This coffee shop is Kopi Kamu in Jakarta. 7 of its 10 employees have Down syndrome, ages 17 to 33. They take orders, brew coffee, serve customers, clean tables. One of them, a 23-year-old named Ikhlas, does latte art. The owner started the program in December 2023 after watching kids with Down syndrome brew coffee at a charity festival and thinking, wait, why don’t they have a real place to do this? Sales grew beyond what he expected.
I looked up what actually happens when companies hire people with disabilities, and the data is hard to argue with. A food company called Carolina Fine Snacks saw turnover collapse from 80% every six months to under 5%. Absenteeism dropped from 20% to under 5%. The non-disabled employees started performing better too. DuPont ran a 30-year study and found disabled employees matched or beat their peers on every metric.
Accenture studied 346 companies in 2023. Businesses leading in disability inclusion had 1.6x more revenue, 2.6x more net income, and double the economic profit of their peers. Every time someone actually runs the numbers on this, the same answer comes back.

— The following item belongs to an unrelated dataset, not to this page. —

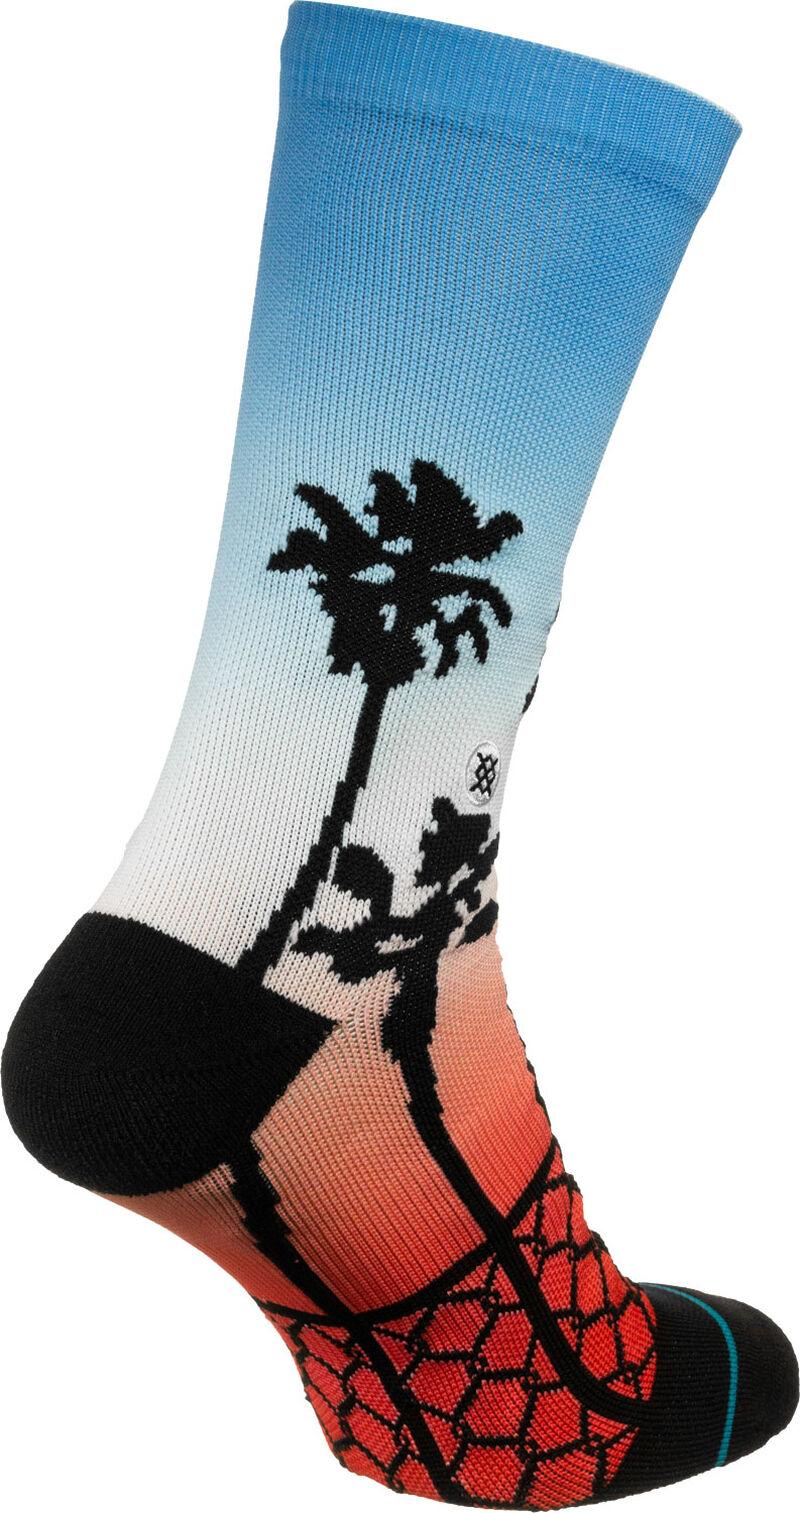 Logoman Palms

In the US, Bitty & Beau’s Coffee, founded by two parents of kids with Down syndrome, started in 2016 with 19 workers in a 500-square-foot shop. Within six months they needed a space ten times bigger. They’re now at 18+ locations, 11 states, 450+ employees with intellectual disabilities. Profitable.
80% of people with intellectual disabilities in the US are unemployed. In Europe, only 5 to 13% of adults with Down syndrome hold regular jobs. Indonesia has roughly 300,000 people with Down syndrome. Kopi Kamu employs seven of them.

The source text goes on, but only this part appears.